Satoshi’s Game: Central Banks and the Social Contract
Bitcoin functions in ways making it hard to define: regulators are unsure to classify it as a currency, commodity, security or property.
The differing forces at play mean Bitcoin as a verb may prove more precise: language can prioritise actions rather than find static, culminative points tractable to those in proxy.
Defining a Social Contract
A social contract, like any other kind [of contract], is near impossible to unequivocally stipulate to this degree: someone would have to decide what’s included, excluded, and how it’s enforced.
It’s better to understand the social contract as a general parameter by which we all can get along.
In context of macro economics, Central Banks use this approach to rationalise and communicate a variable (inflation) to broad objectives and mandated principles of price stability, prosperity, and growth.
In the ideal form, and on a global level, such a contract would be free from interpretation problems.

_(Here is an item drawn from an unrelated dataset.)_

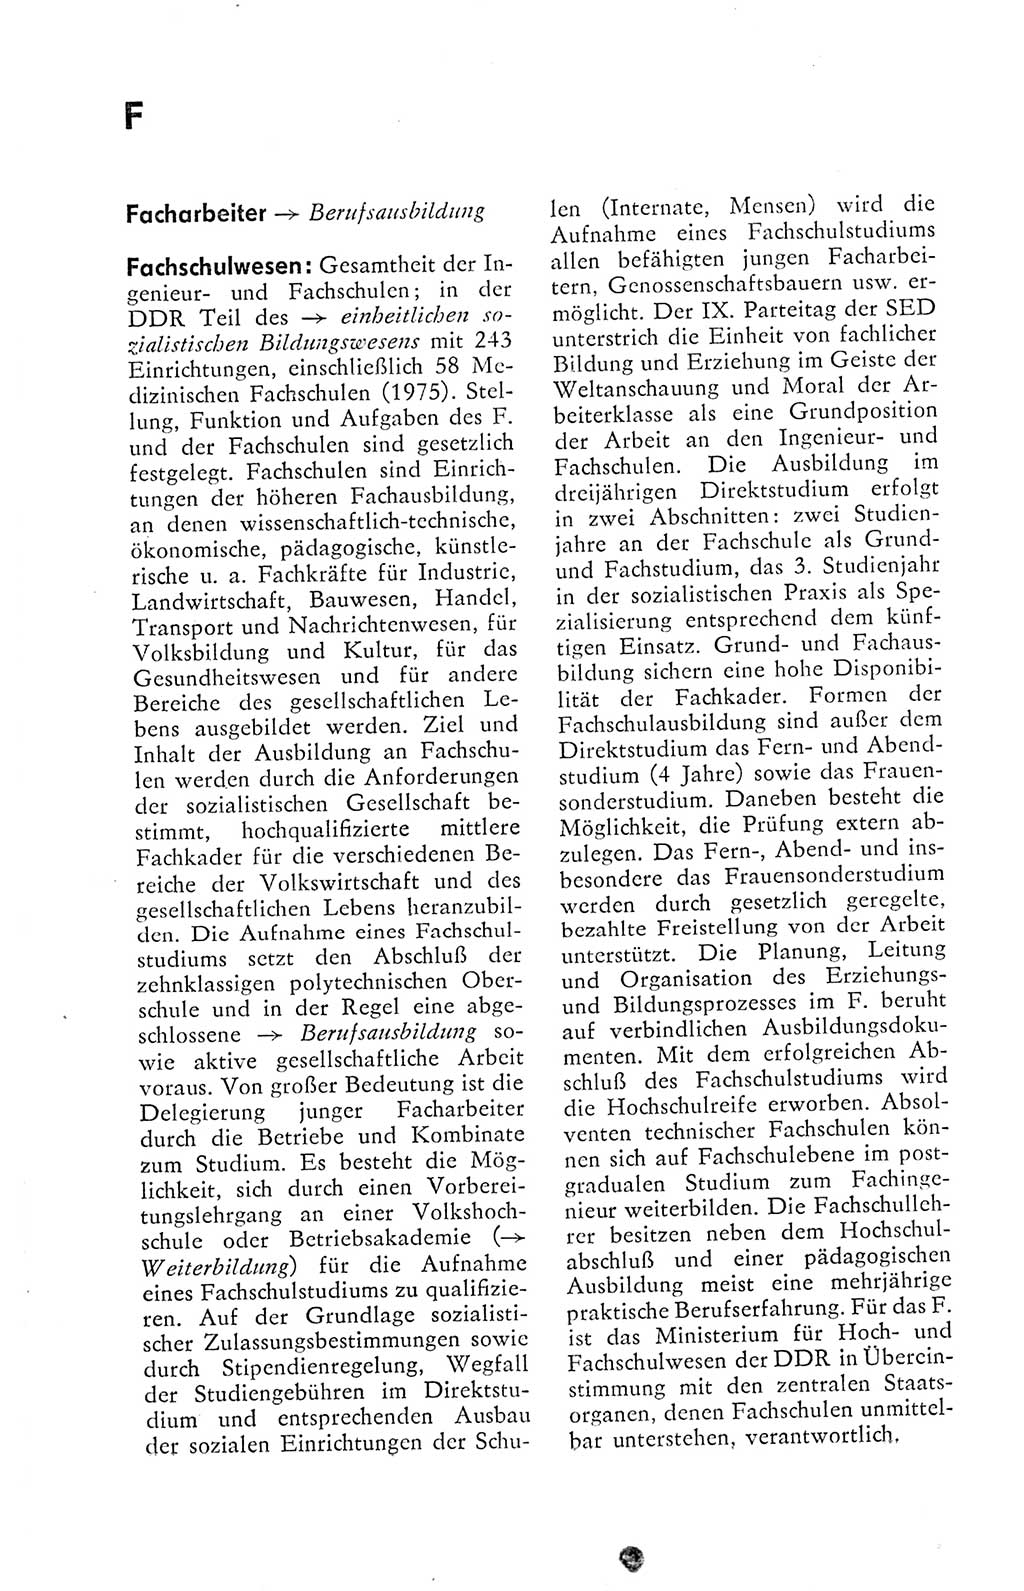 Kleines politisches Wörterbuch [Deutsche Demokratische Republik (DDR)] 1978, Seite 234 (Kl. pol. Wb. DDR 1978, S. 234)

Nash’s Ideal Money and Satoshi’s Bitcoin
John Nash’s Ideal Money and Satoshi Nakamoto’s Bitcoin bear comparison in the way their creators described the stability and portability of an international and apolitical money standard:
“This index could be constructed by computing a moving average…” John Nash, Ideal Money, 2002
“…the proof-of-work difficulty is determined by a moving average targeting an average number of blocks per hour.” Satoshi Nakamoto, 2008
“gold formed a very efficiently moveable medium for the transportation of a value exchangeable for other values…However, right now platinum would be even better than gold, because it has more value per unit of weight.” John Nash, Ideal Money, 2002
“As a thought experiment, imagine there was a base metal as scarce as gold but with the following properties: — boring grey in colour — not a good conductor of electricity — not particularly strong, but not ductile or easily malleable either — not useful for any practical or ornamental purpose and one special, magical property: — can be transported over a communications channel…” Satoshi Nakamoto, 2010
Games of Alignment and Hyperbolic Growth
Nash observed money bringing into existence games of transferable utility — where there is a gain, on average, for all players, irrespective of the outcome — and where a “good money” became a standard, could allow for comparison of contracts (sovereign issuance) where easily quotable prices were of value and convenience.
Interestingly, Nash also observed a money could be too good where it created a “safe deposit box singularity” and while Nash noted the history of money has not known this prior be a problem, such a problem could be avoided if this theoretical good money was given a steady and constant rate of inflation to the extent it could be used as a channel for investment.
In this regard, Satoshi described Bitcoin as a cash system and a version of cash — rather than cash per se — offering the possibility [that] Bitcoin is the better money by being figurative to a parallel [and ideal] network un-requiring of trusted principals through computational settlement — peer to peer — so mediation costs don’t cut off the small casual transaction.
Avoiding as a result problems arising from contractual translation disputes, allowing benefits of this trustlessness to form basis of convergence between major currencies as they express a taste for such a preference.
Something Satoshi didn’t have time to explain and which has yet to corral our bargaining habits.